> PROBLEM TO SOLVE: Restate the whole of the data below word for word, skipping the images.

> DATA PROVIDED:

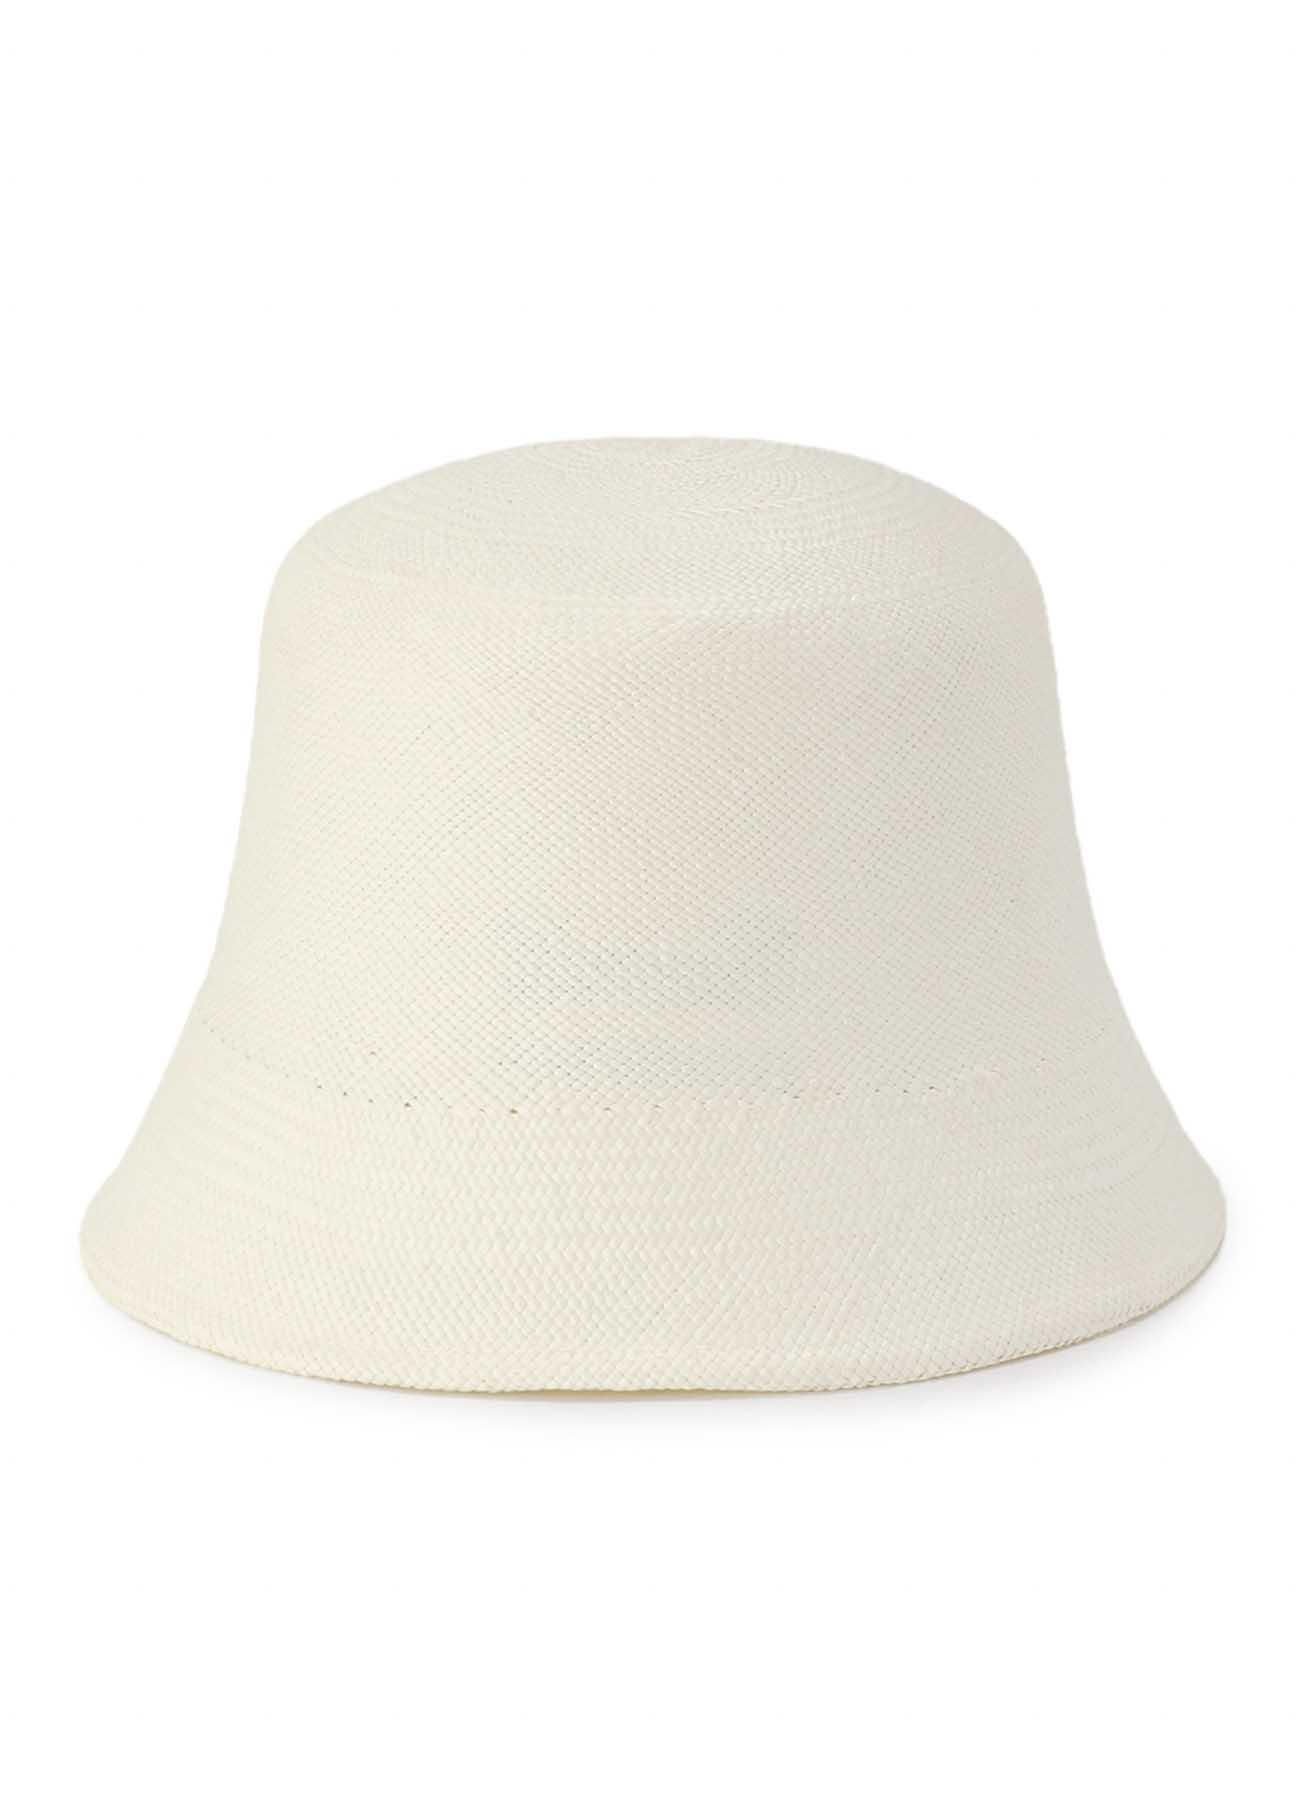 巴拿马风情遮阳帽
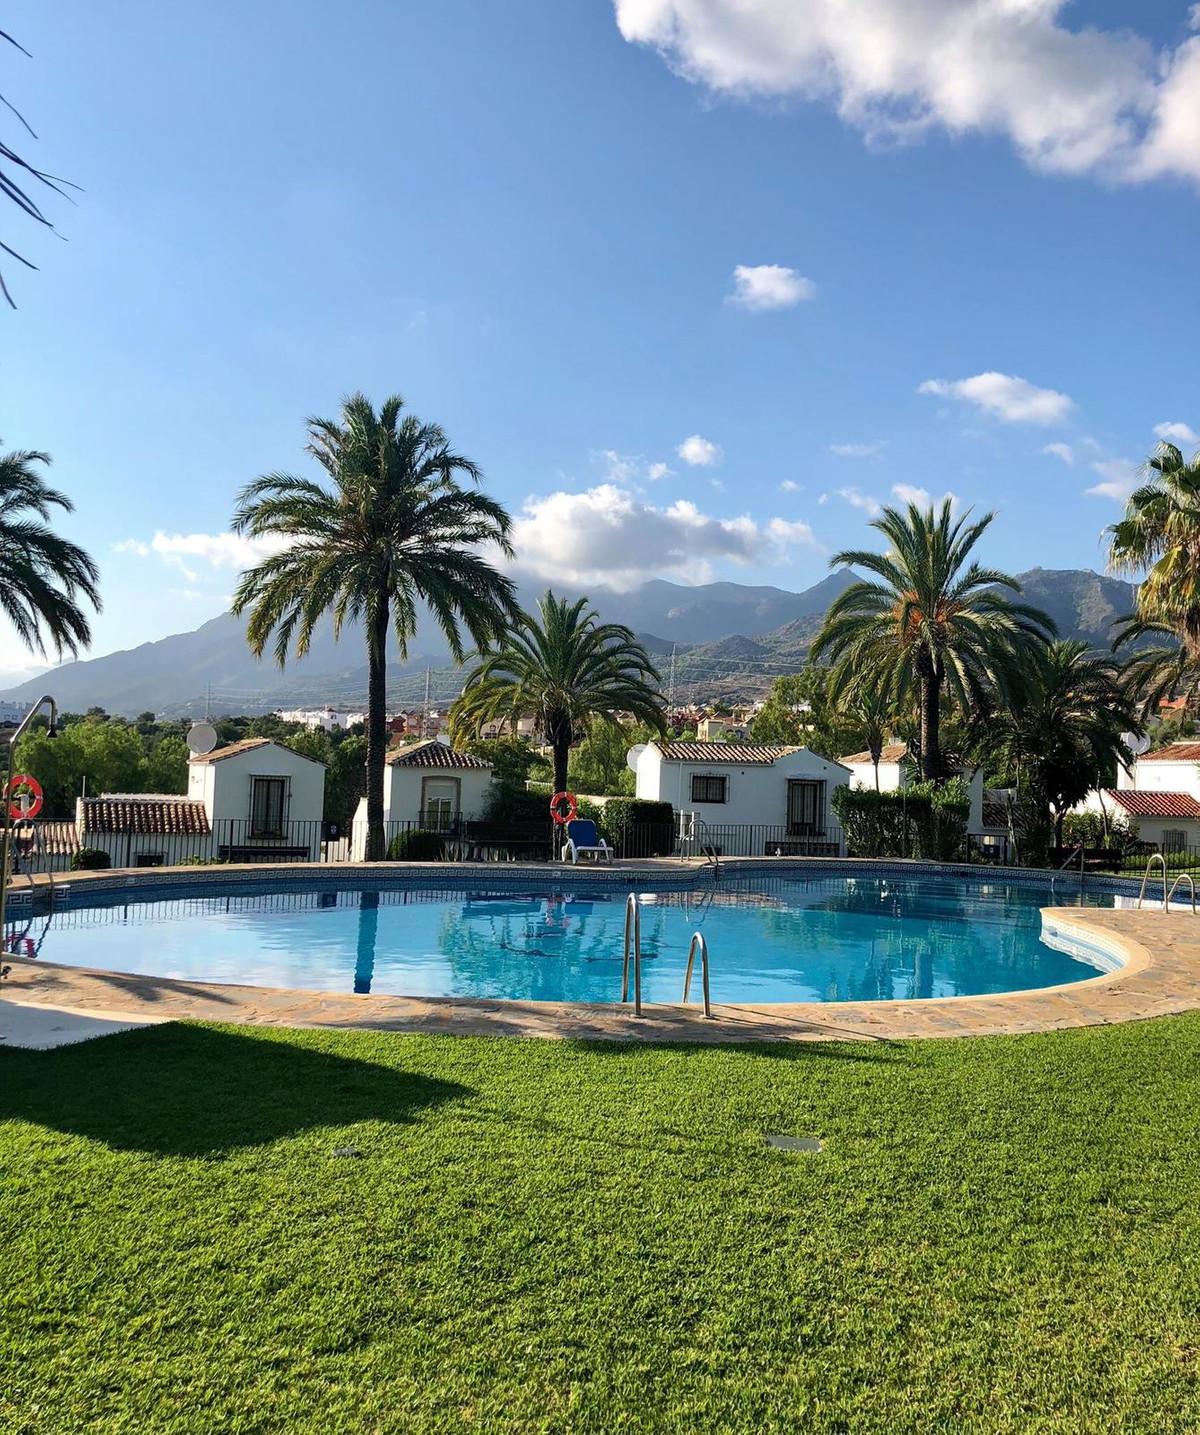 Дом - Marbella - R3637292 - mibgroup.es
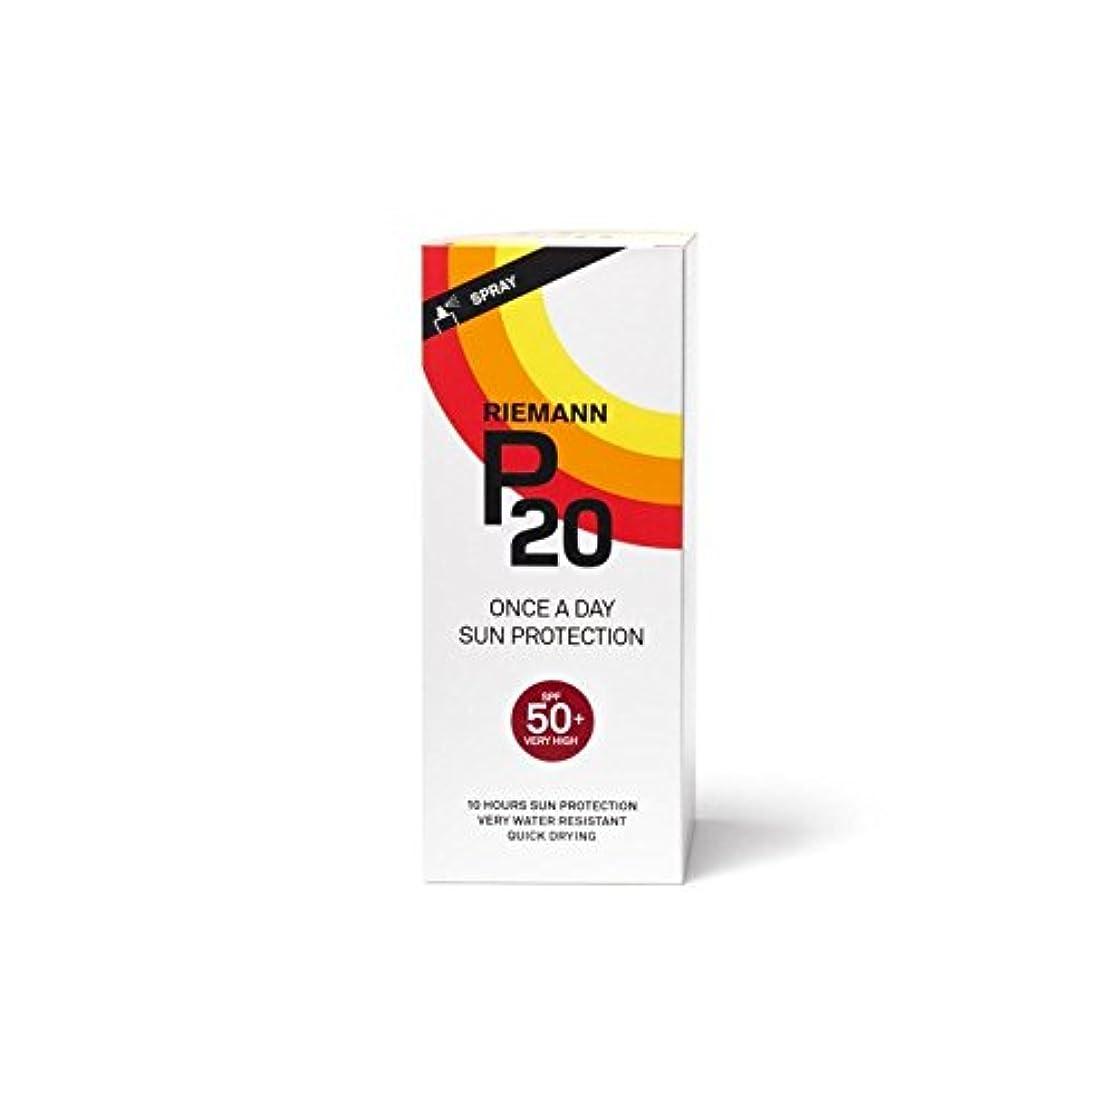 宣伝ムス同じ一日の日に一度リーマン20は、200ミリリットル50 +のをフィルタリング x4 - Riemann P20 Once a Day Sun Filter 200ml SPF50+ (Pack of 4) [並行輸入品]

> TASK ANSWER:
 巴拿马风情遮阳帽
 Дом - Marbella - R3637292 - mibgroup.es
 宣伝ムス同じ一日の日に一度リーマン20は、200ミリリットル50 +のをフィルタリング x4 - Riemann P20 Once a Day Sun Filter 200ml SPF50+ (Pack of 4) [並行輸入品]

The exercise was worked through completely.